**PROBLEM TO SOLVE**. All the lines below need to be output exactly, apart from any images.

**GIVEN DATA**.
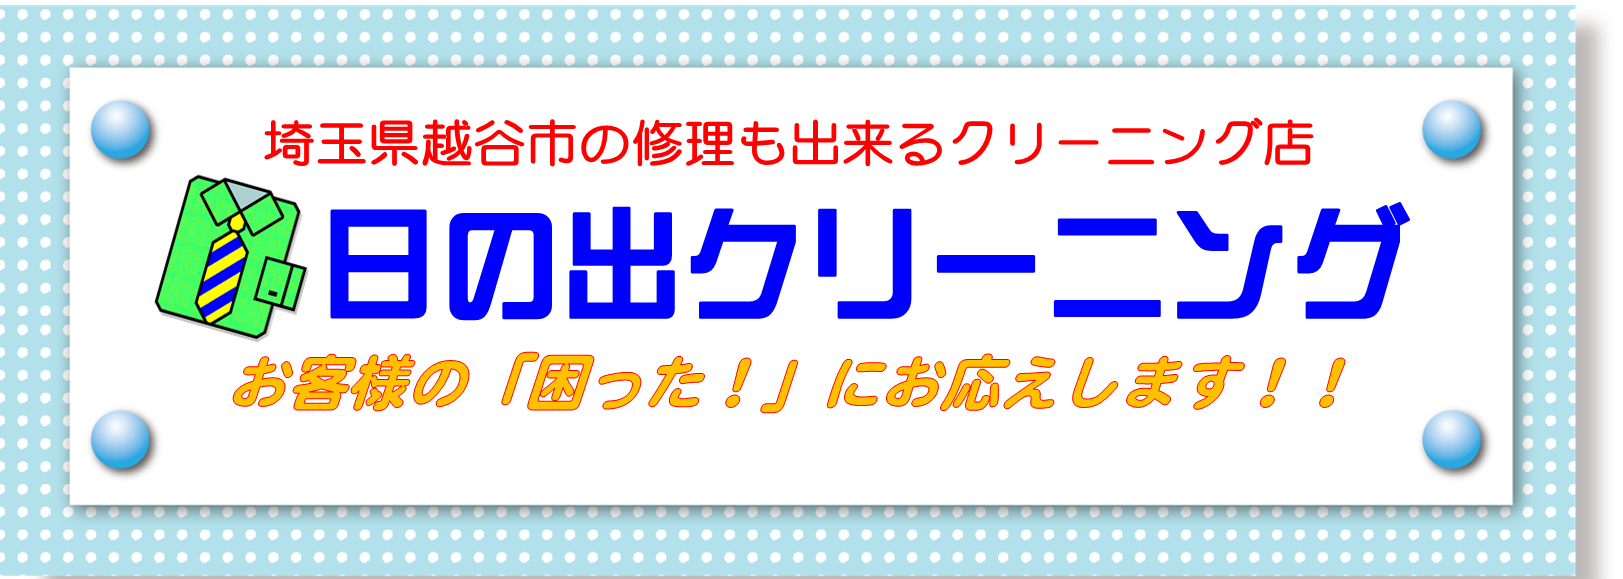 埼玉県越谷市の修理も出来るクリーニング店 日の出クリーニング
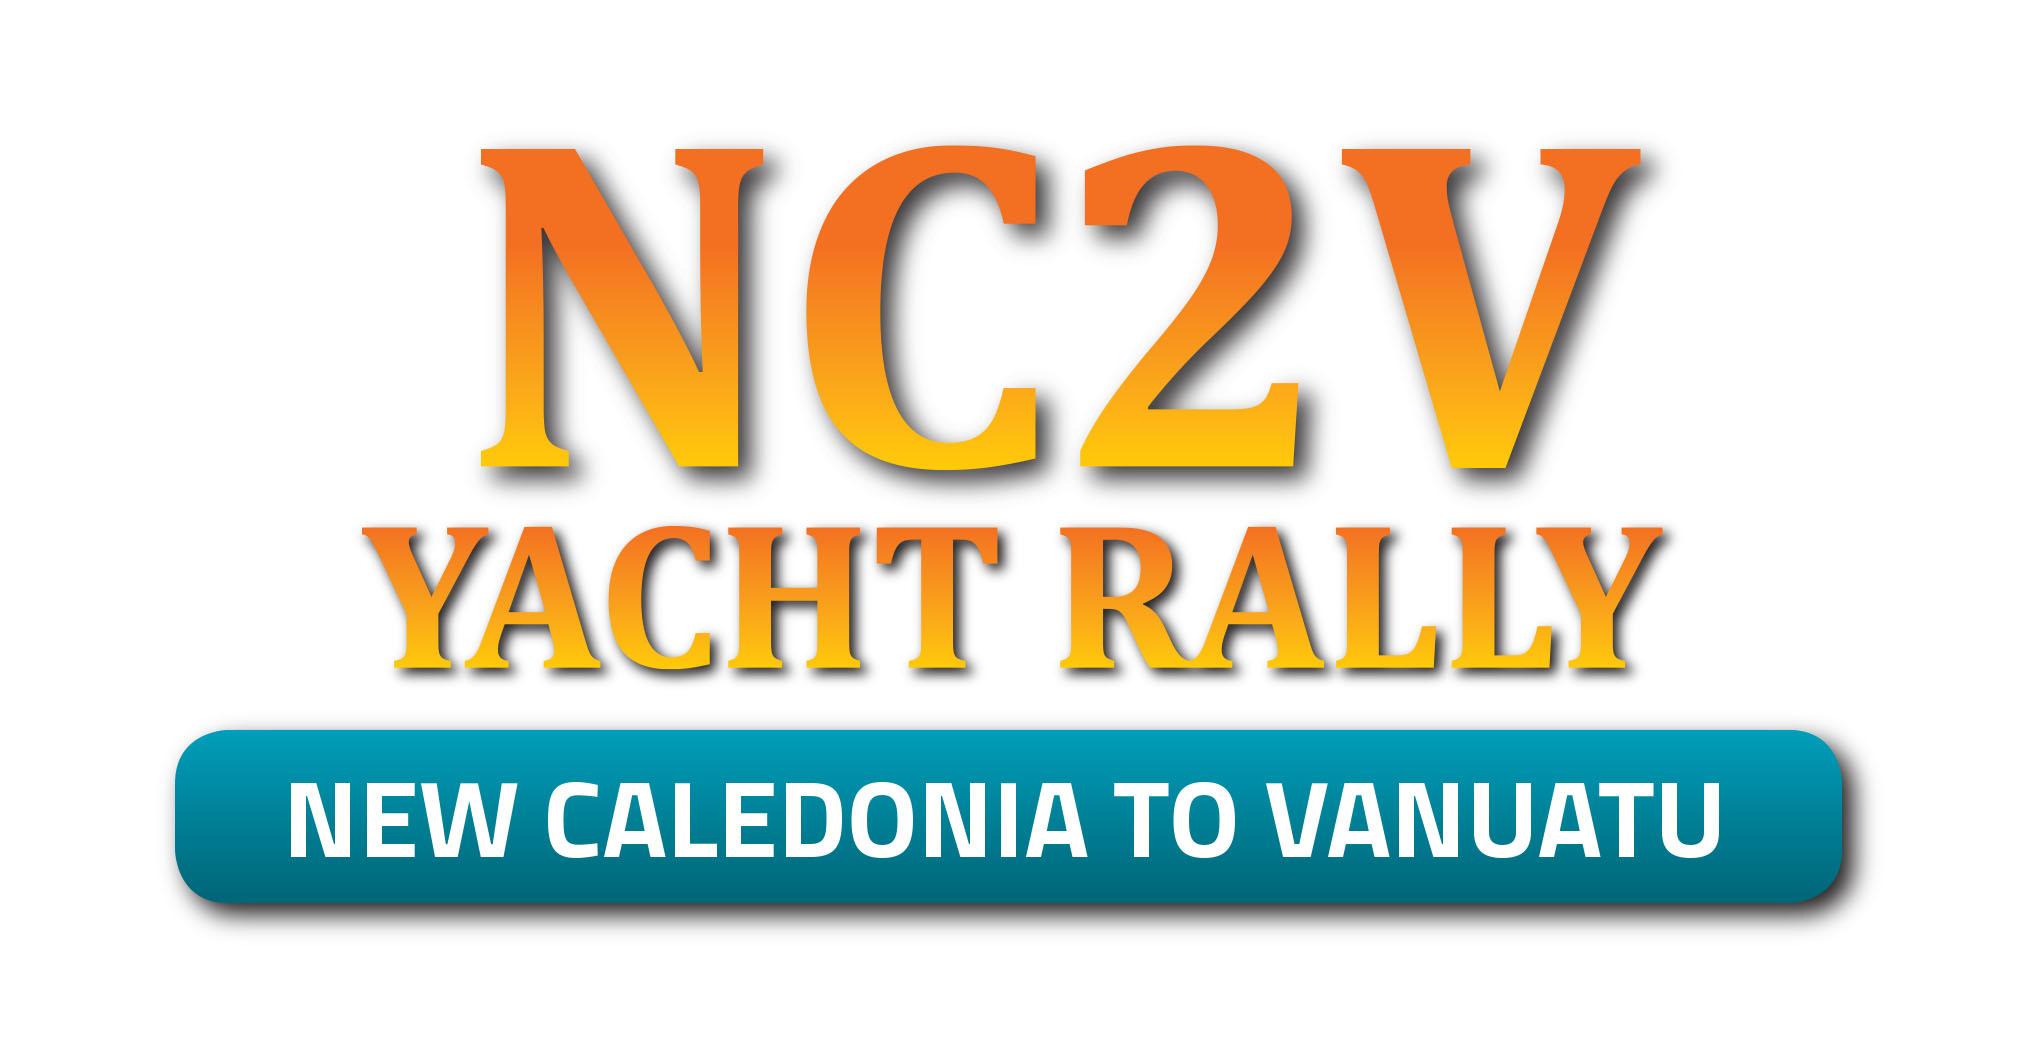 New Caledonia to Vanuatu - *Departs August
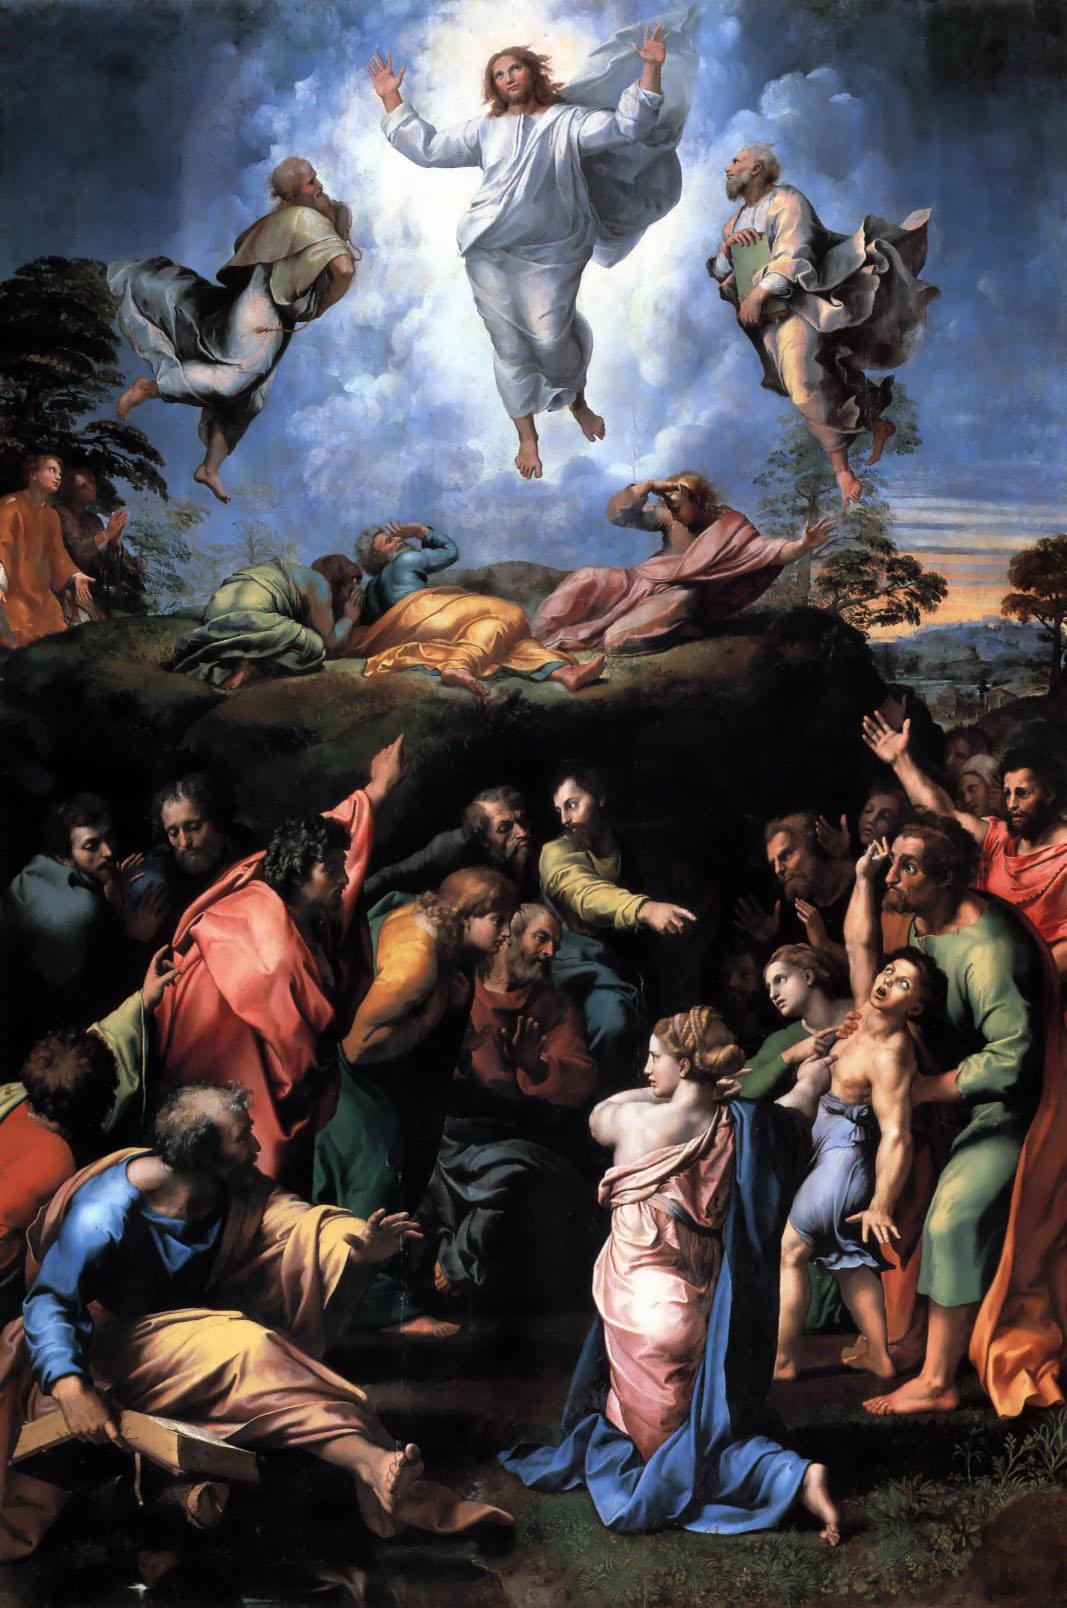 Преображение рафаэль санти галерея ватикана
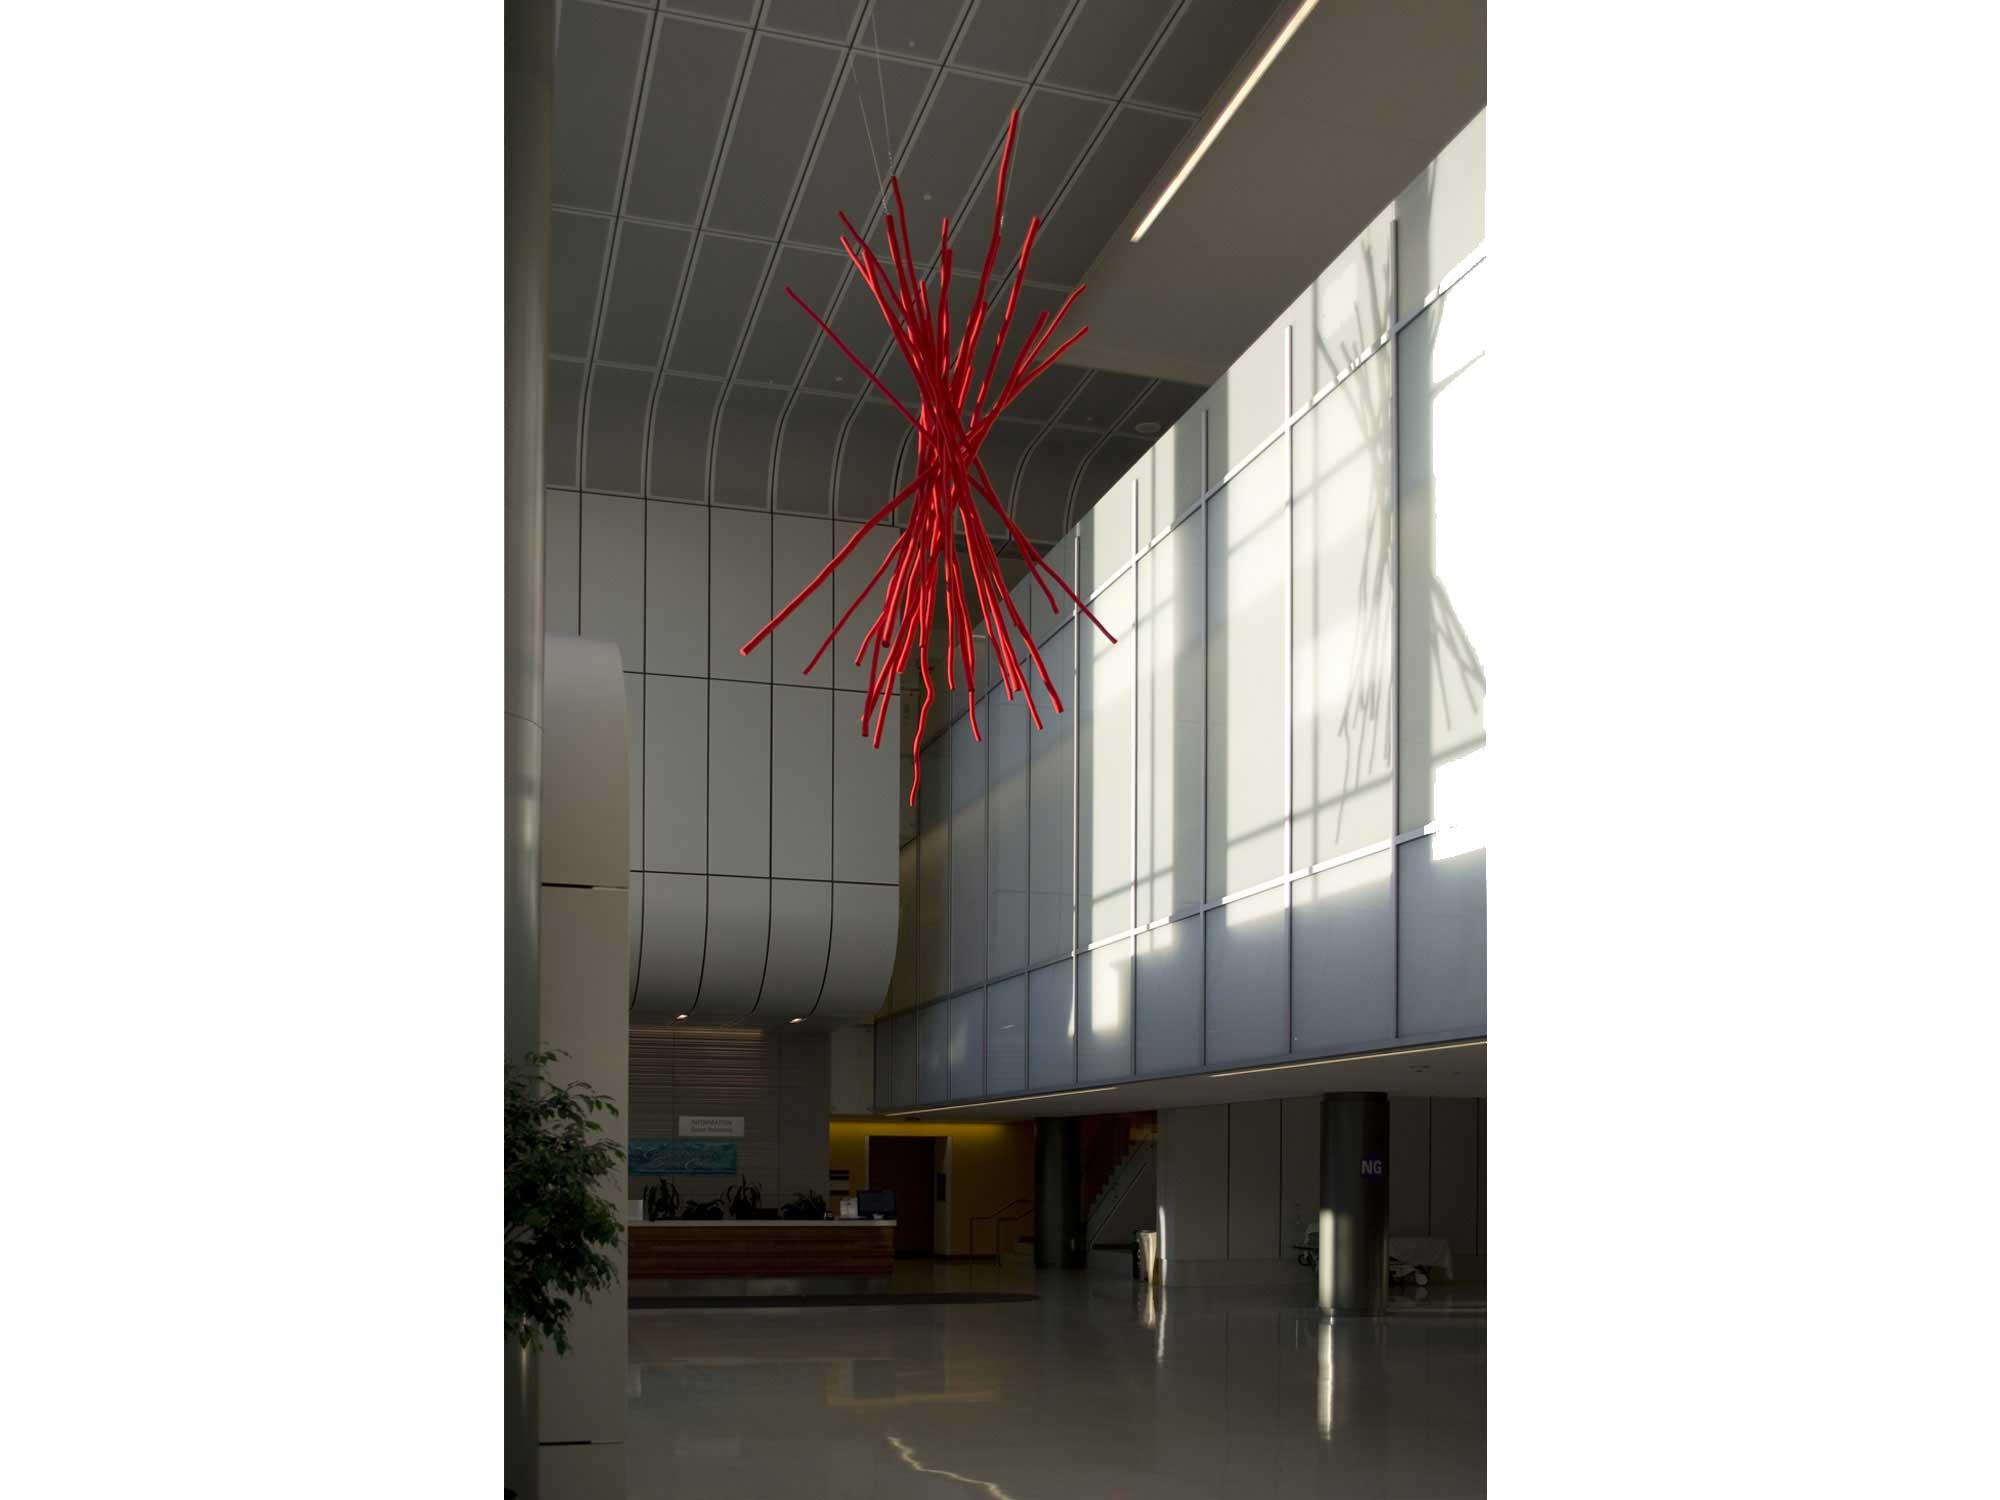 In Motion - John E. Friedlander Memorial | Buffalo, New York - Image: Joel Brenden

**RESPONSE BELOW**.
 埼玉県越谷市の修理も出来るクリーニング店 日の出クリーニング
 New Caledonia to Vanuatu - *Departs August
 Преображение рафаэль санти галерея ватикана
 In Motion - John E. Friedlander Memorial | Buffalo, New York - Image: Joel Brenden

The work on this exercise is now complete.